You have to feel for Treefight For Sunlight. With the industry seemingly insistent that bands burst forth fully-formed, firing on all cylinders from the word go, it’s practically career suicide for your first album to merely suggest potential rather than scream instant magnificence. But that’s exactly what we get with the Copenhagen foursome’s self-titled debut. Treefight For Sunlight isn’t a knockout success, but it just about contains enough to suggest that, if there’s any justice, the Danes deserve a second crack of the whip.
On paper, theirs is a beguiling proposition – imagine a slightly cartoonish take on Sixties West Coast psychedelia, augmented by vocal layers reminiscent of MGMT or Panda Bear. Indeed, the enchanting curtain raiser ‘A Dream Before Sleep’ does a good job of whetting the appetite. But as first song proper ‘You And The New World’ moves into focus, the excitement levels are quickly dampened.

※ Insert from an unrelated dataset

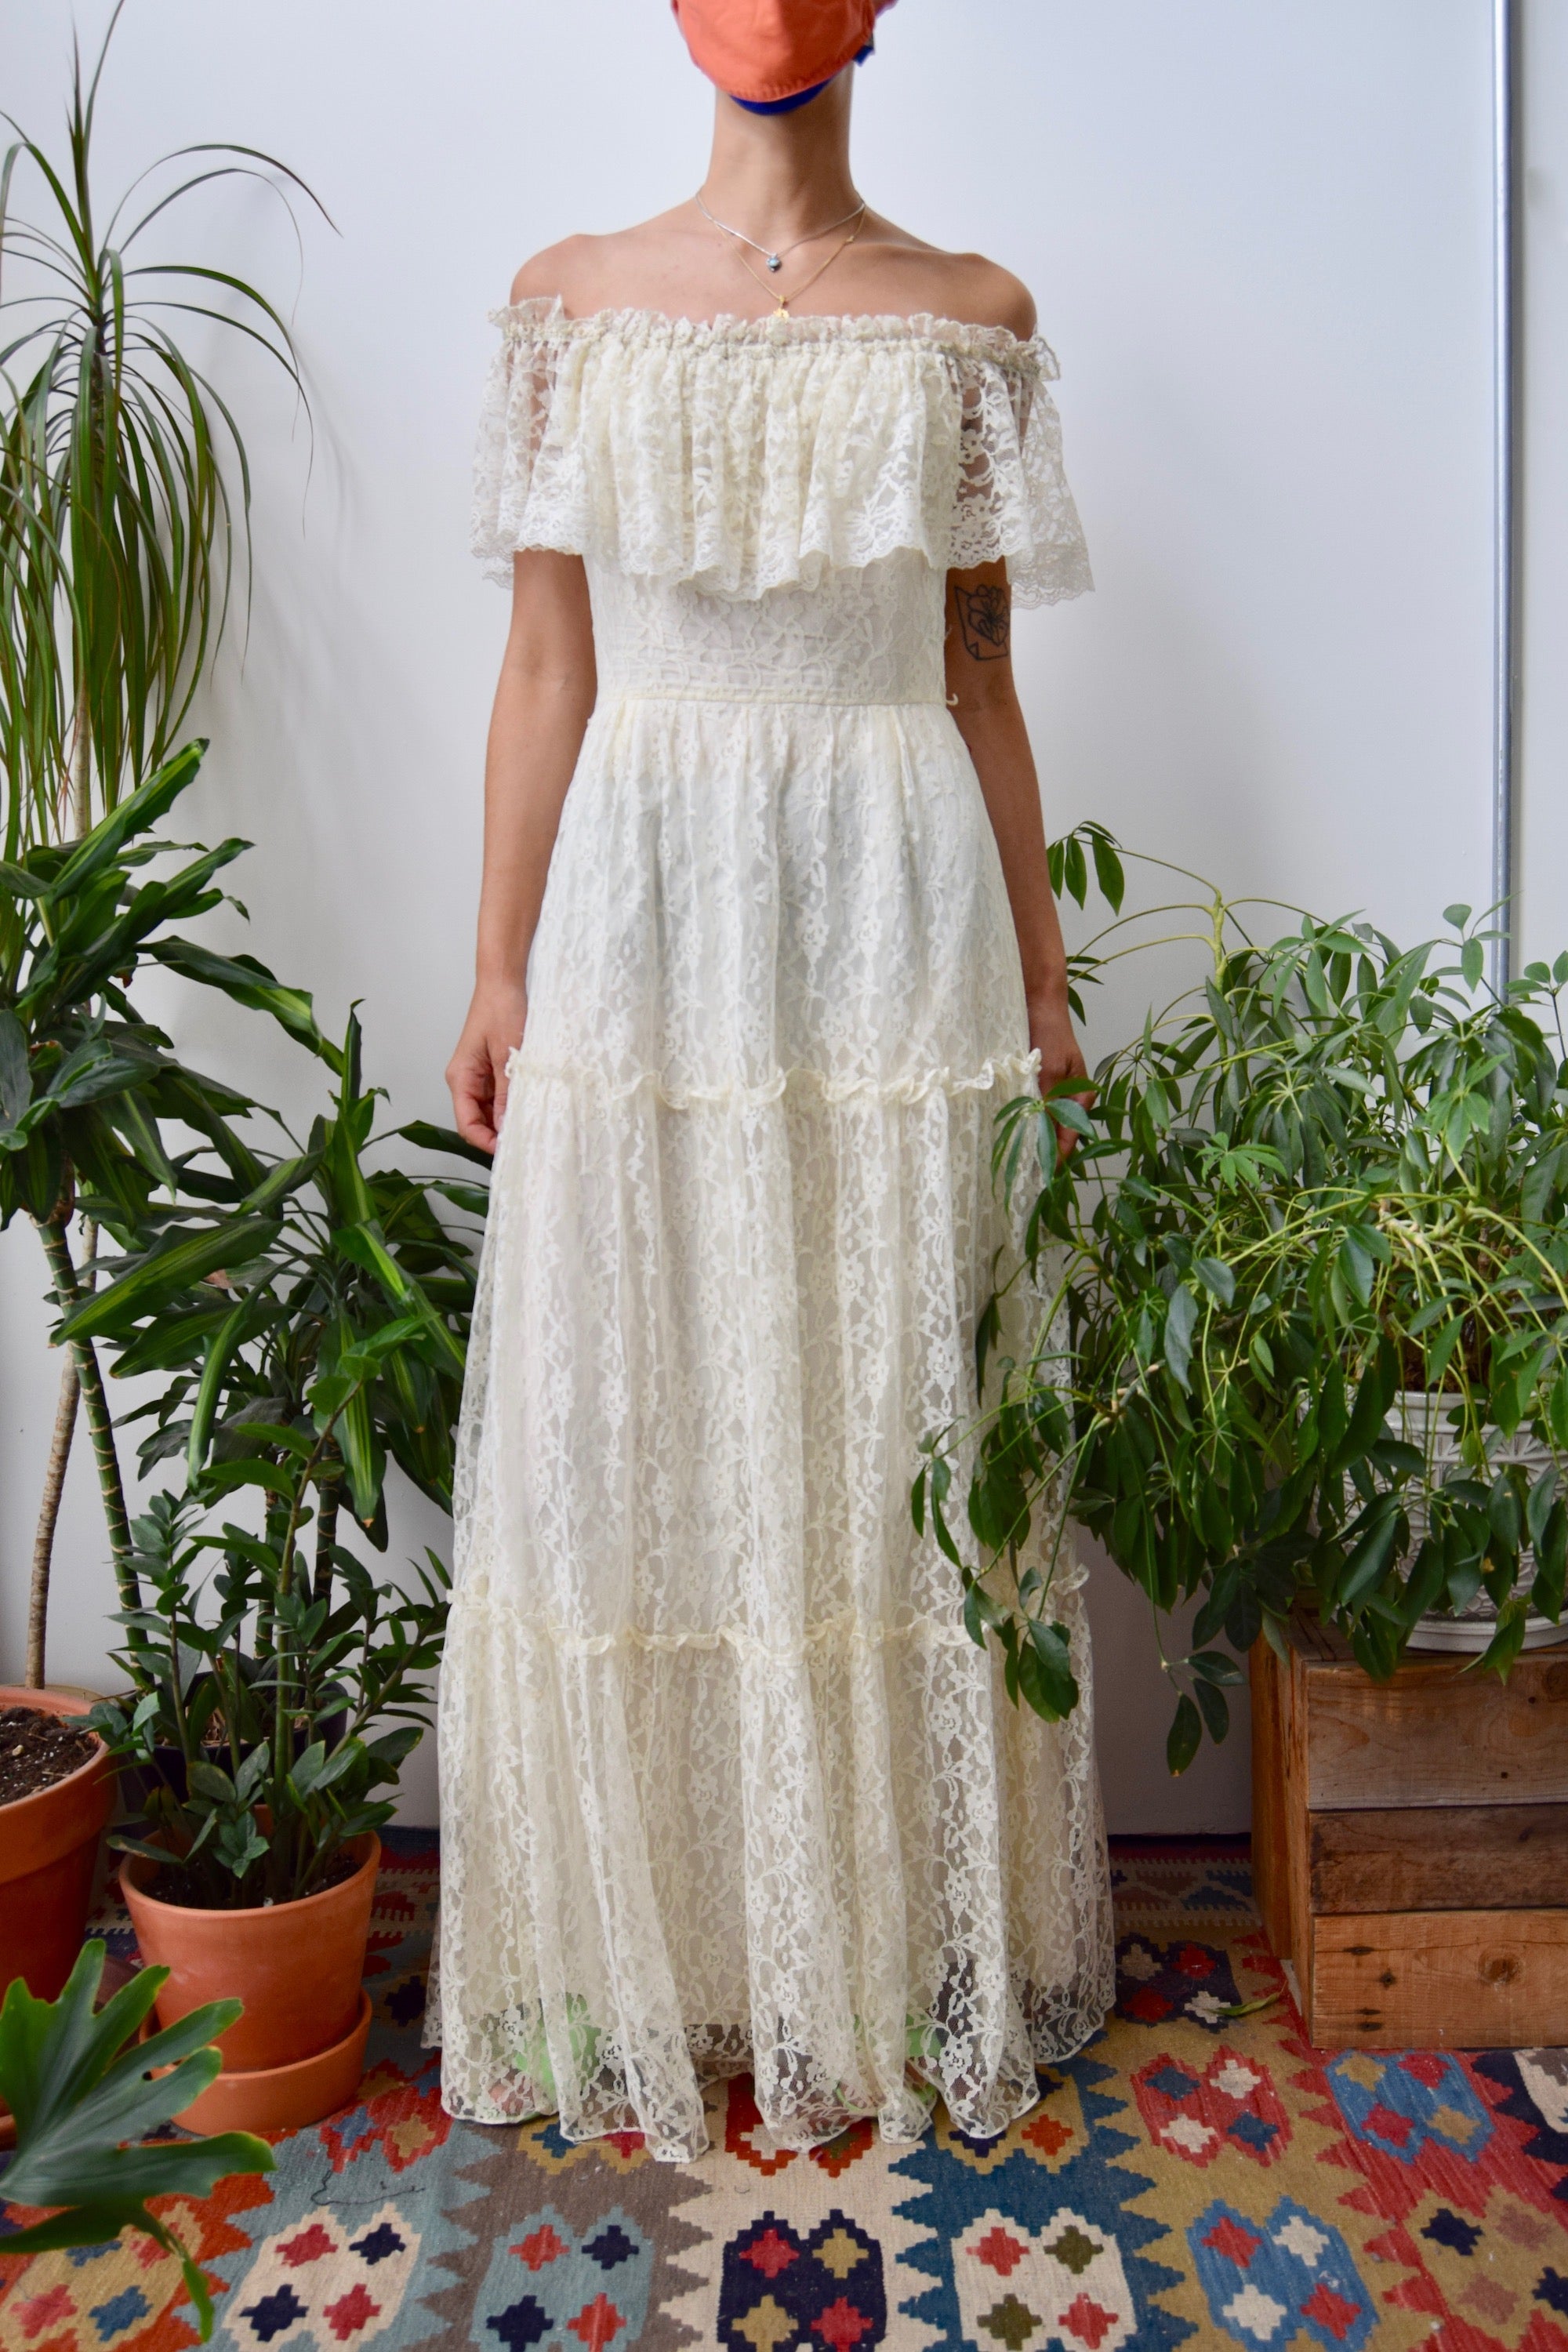 Seventies Tiered Lace Dress

It has decent ear-candy value, so isn’t completely without charm – but as a song, it’s a non-starter.
And the album’s a real mixed bag from here on. The bright and breezy ‘Facing The Sun’ is enjoyable, if a little lightweight, yet it’s sandwiched between the utterly forgettable ‘They Never Did Know’ and the so-jaunty-it’s-actually-quite-annoying ‘Rain Air’. That’s not to say that all the jauntiness is unwelcome, though – the rousing sing-along ‘What Became Of You And I’ is by some distance the album highlight, even though it’d be far better suited to CBBC than to the Brixton Academy.
With ‘Time Stretcher’, the record ends on an uncharacteristically intense, broody note. But while it means the album lacks a satisfying pay-off, it also signals a path via which Treefight For Sunlight can develop and mature. But with their debut album being so patchy, they may not be given the chance.